**EXERCISE**
Leaving the pictures out, print the lines from the first line of the listing through the line containing "Porsche 917 of", exactly as they read, and no others.
(Beginning of RECORDED DATA)
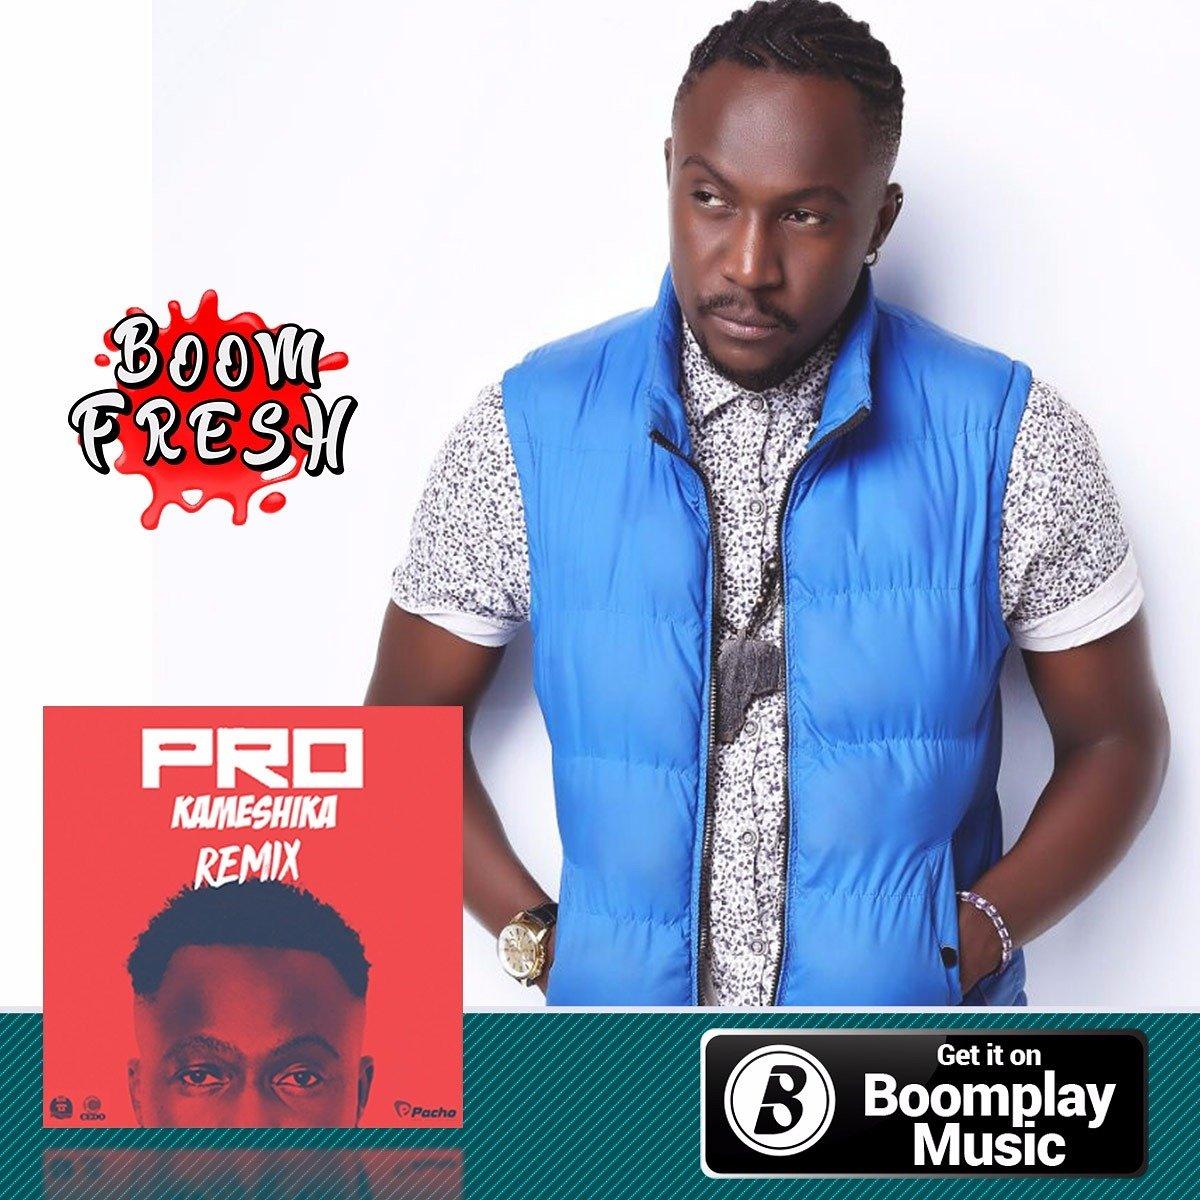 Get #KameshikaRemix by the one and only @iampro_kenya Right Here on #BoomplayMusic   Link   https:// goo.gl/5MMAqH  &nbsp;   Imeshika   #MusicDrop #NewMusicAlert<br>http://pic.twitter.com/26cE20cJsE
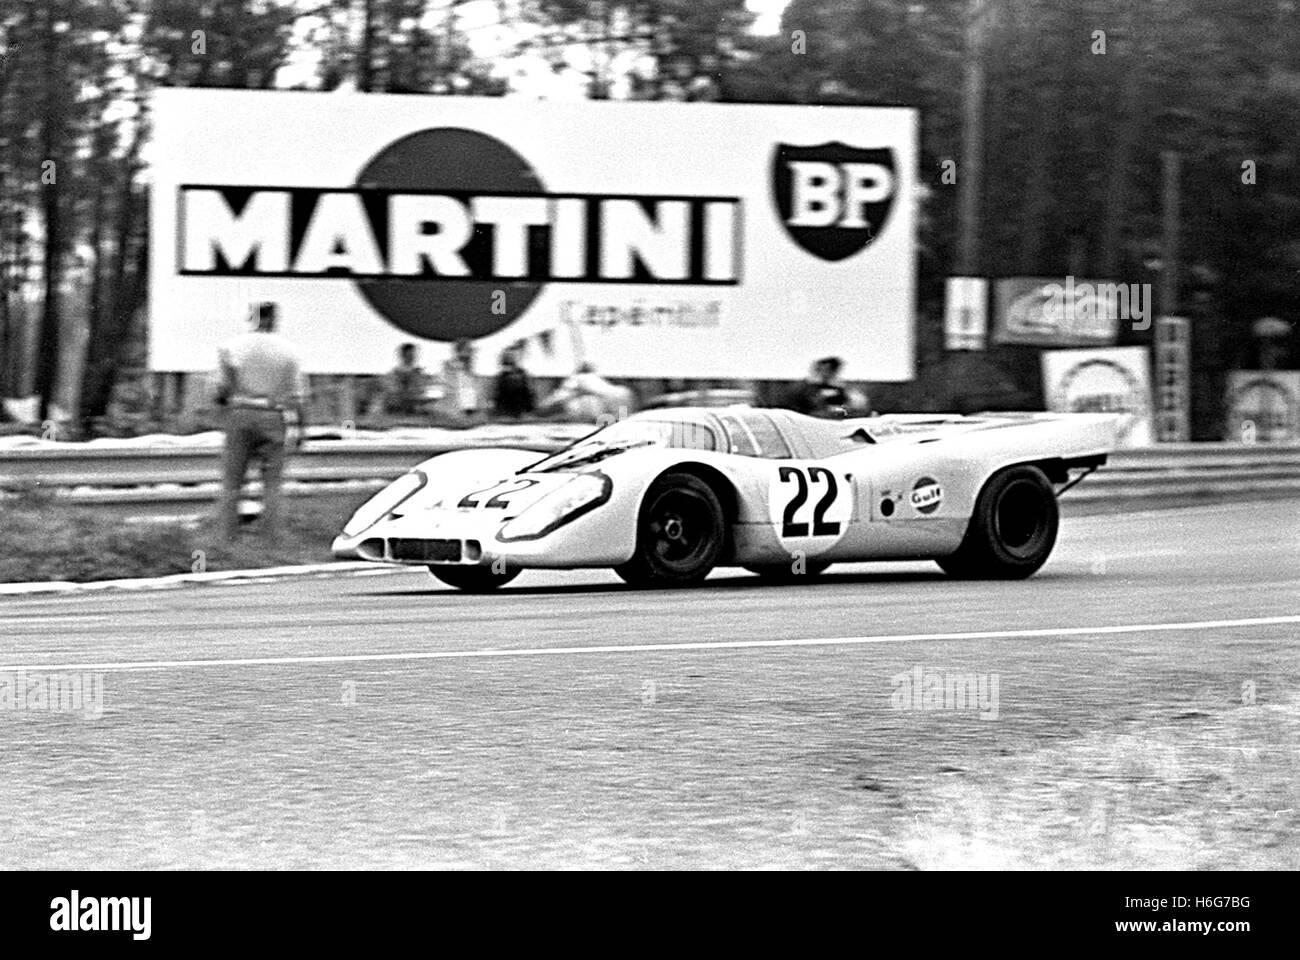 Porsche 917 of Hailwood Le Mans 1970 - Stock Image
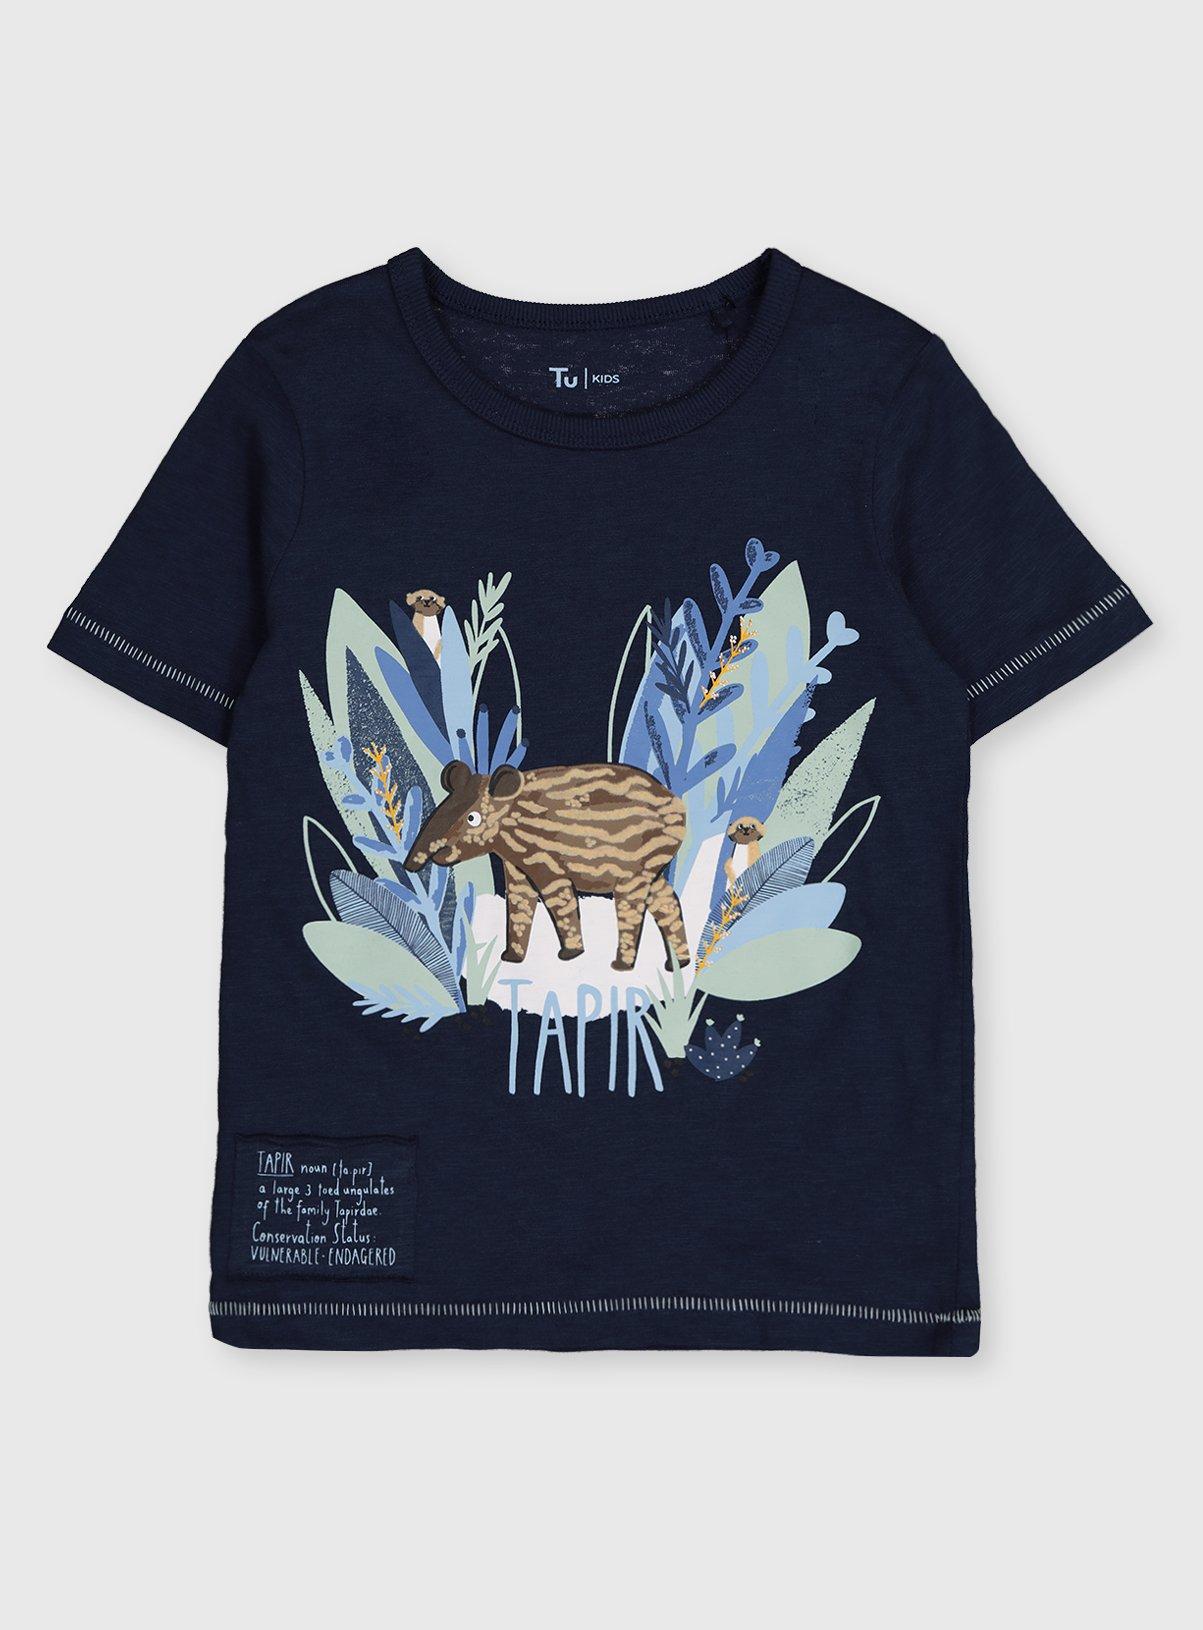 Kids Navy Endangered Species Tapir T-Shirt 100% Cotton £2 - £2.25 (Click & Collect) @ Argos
(End of RECORDED DATA)
**WRITTEN RESPONSE**
 Get #KameshikaRemix by the one and only @iampro_kenya Right Here on #BoomplayMusic   Link   https:// goo.gl/5MMAqH  &nbsp;   Imeshika   #MusicDrop #NewMusicAlert<br>http://pic.twitter.com/26cE20cJsE
 Porsche 917 of Hailwood Le Mans 1970 - Stock Image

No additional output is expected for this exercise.